Most introductory tutorials for Kubernetes show a graphic like this, step away, and say, “So now that I’ve explained it to you…” <scratches head>. The first time I saw a diagram like this one, I too was incredibly confused. What are all the boxes and arrows? What does that mean to me and my app?
I’ll explain each of these pieces, and unless you’re going to go deep into the weeds, this is likely the first and last time you’ll need to worry about Kubernetes in this way. In an exceptionally oversimplified explanation, here’s what this diagram shows:
- The Control Plane are all the machines that manage the cluster; All the green boxes. (If this were an organization chart, it would be labeled “management.”) We can think of this as all the plumbing in the system. The work of your web properties and data stores is not run here. You’ll generally want a few machines doing this work — three or five or nine. In most cloud-provided k8s clusters, these machines are free.
- The Worker Nodes are all the machines doing work for you and your business; All the blue boxes. These machines run your web properties, back-end services, scheduled jobs, and data stores. (You may choose to store the actual data elsewhere, but the engine that runs the data store will run here.)
- As a developer or ops engineer, you’ll likely use kubectl, the command-line utility for Kubernetes, to start, stop, and change content in the cluster.
- kubectl connects to the kubernetes API server to give it instructions.
- The API server stores data in etcd, the kubernetes data store.
- The Controller Manager polls against the API, and notices a change in etcd.
- The Controller Manager directs the Scheduler to make a change to the environment, and the Scheduler picks a Worker Node (one of the blue boxes) to do the work.
- The Scheduler tells the Kubelet to make the necessary change. The Kubelet is responsible for the node (machine).
- The Kubelet fires up a Pod, and runs Docker commands to run the container.
- cAdvisor watches the running pods, reporting events back to the API that get stored in etcd.
- As a user visiting a website, the traffic comes in through the Internet, and through a load balancer, which chooses one of the worker nodes (machines) to run the content.
- The traffic is forwarded to Kube-Proxy.
- Kube-Proxy identifies which Pod shoud receive the traffic and directs it there.
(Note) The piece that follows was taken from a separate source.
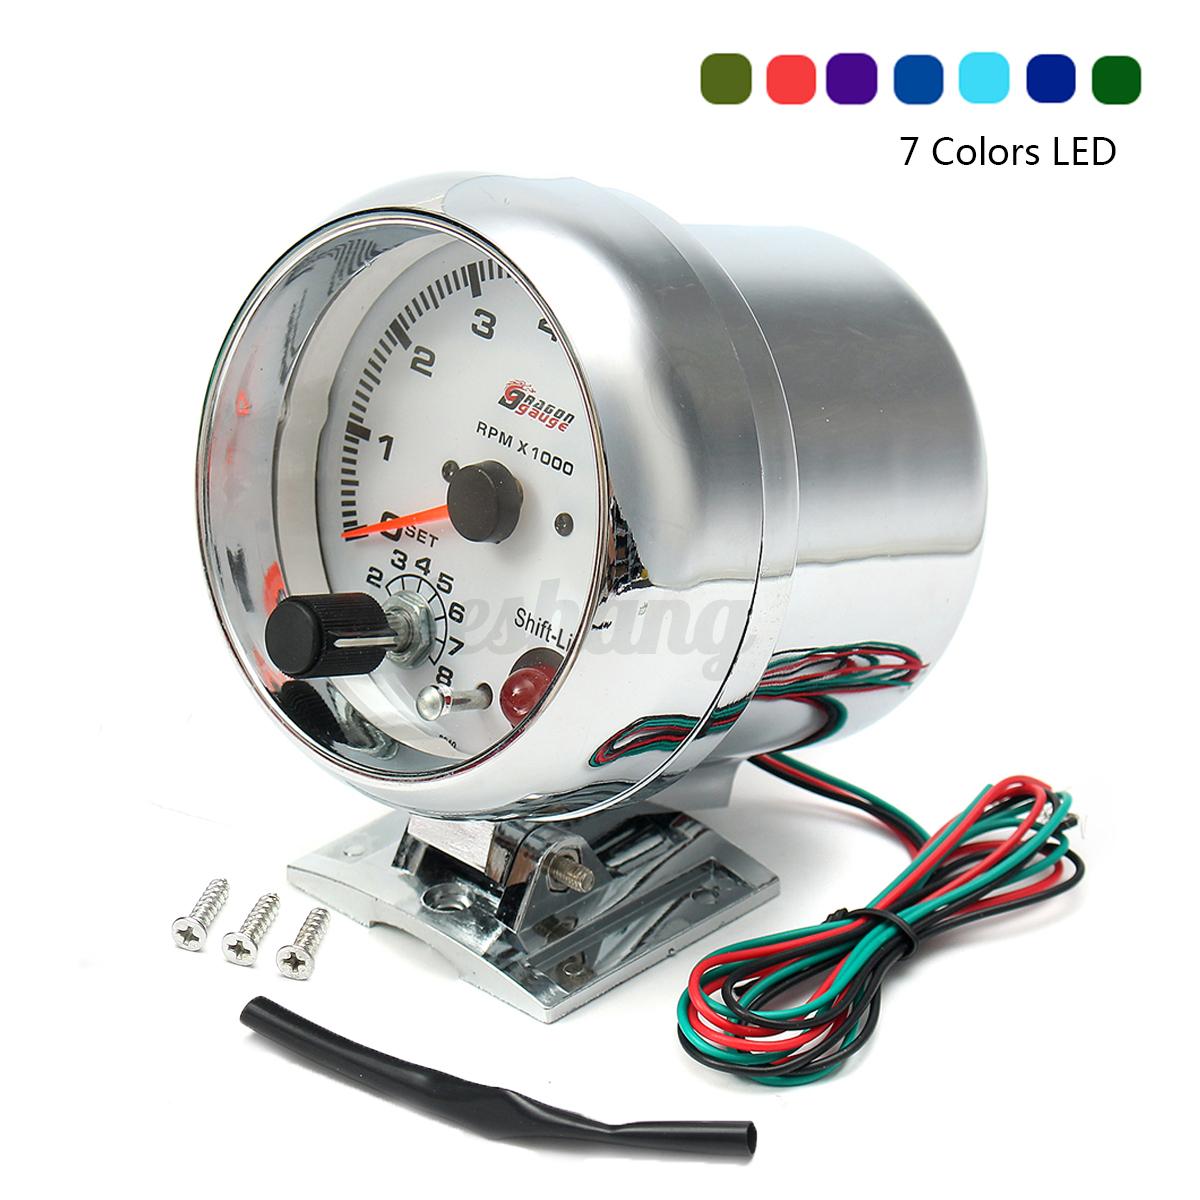 Universal-Tachometer-Tacho-Gauge-Meter-Range-0-8000-RPM-W-7-color-LED-Backlight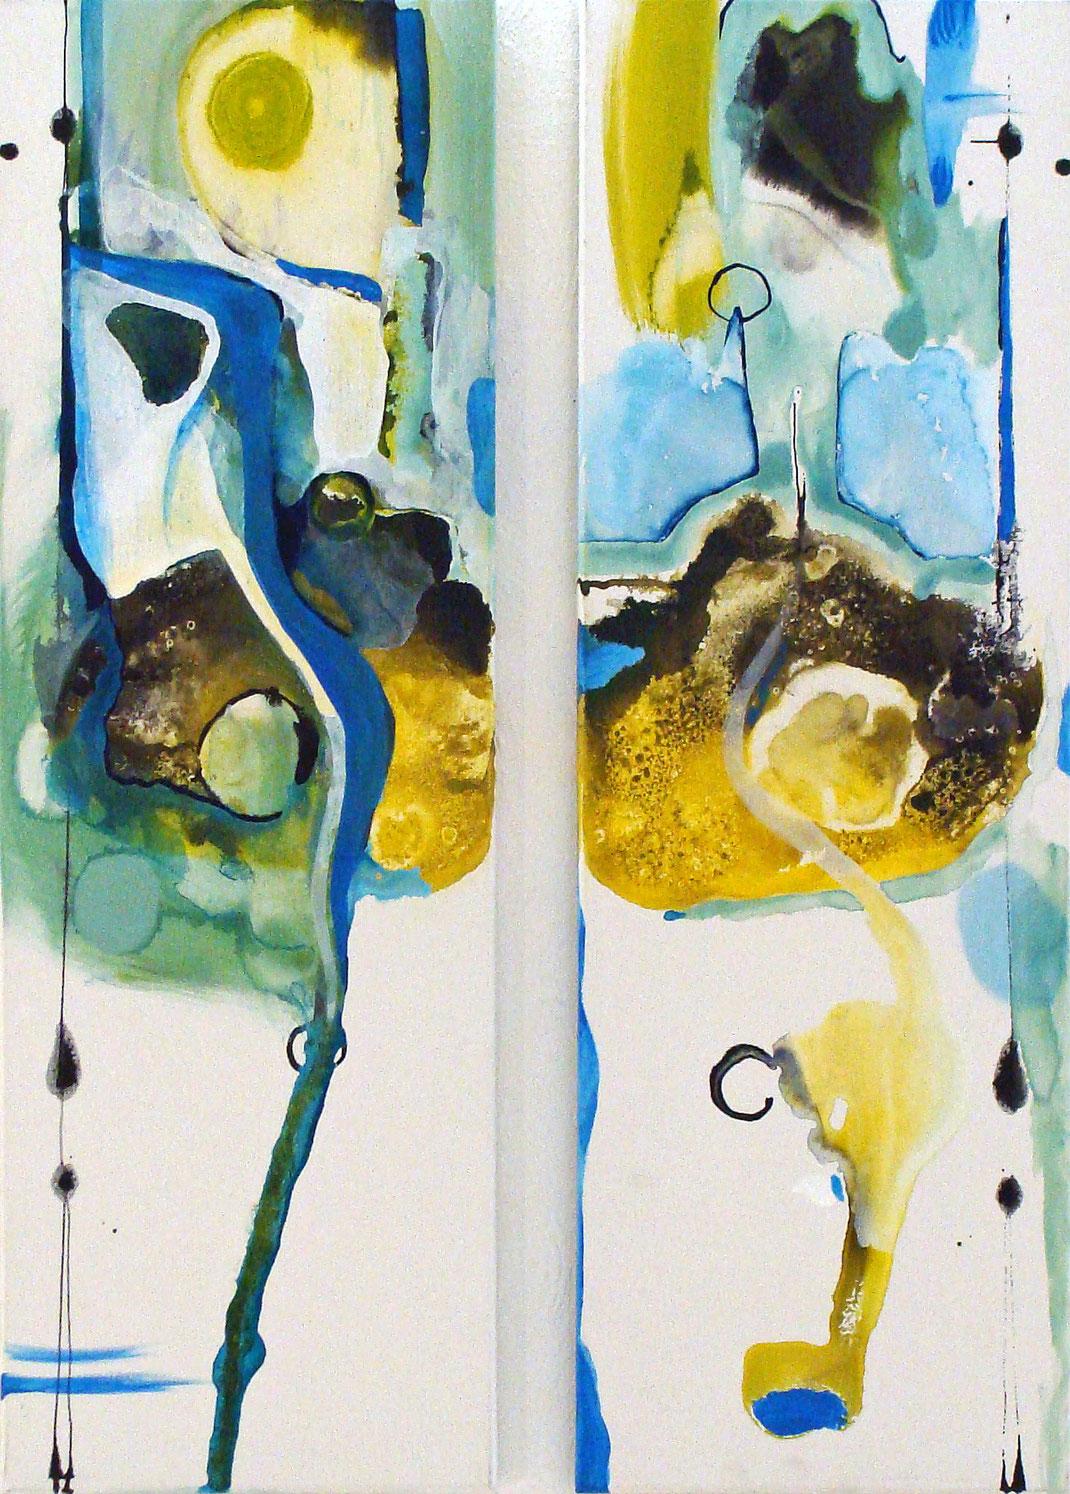 Diptychon, Zeichentusche, grüngelb, blau, abstrakt, elegant, Kunstsammlung, Kunstsammler, Hamburg, Künstlerin, Kunst

- The Pod wraps the container, which processes the request, and returns the response.
- The response flows back to the user across the Kube-Proxy and the Load Balancer.
This is likely the first and last time you care about Kubernetes at this level. (The knee bone connected to the hip bone.) But as you look at the graphic and the flow of data, one thing stands out: Kubernetes is great for microservices because Kubernetes is microservices. Each one of these pieces is a container running inside the Kubernetes cluster. Each can be replaced with alternate implementations, either from the community, or things you build. Kubernetes is a great place for you to host your services because Kubernetes hosts its own services this way as well.
Kubernetes is the orchestrator for the modern web. Whether you’re running stateless website code or running a stateful data store, such as MemSQL, Kubernetes can scale to match your needs. As the emerging industry standard platform, it’s extensible, allowing one to replace portions of the cloud OS with custom pieces, from either open-source players or custom-built components. Kubernetes will automatically monitor your crucial business web properties, and can restart necessary services without intervention.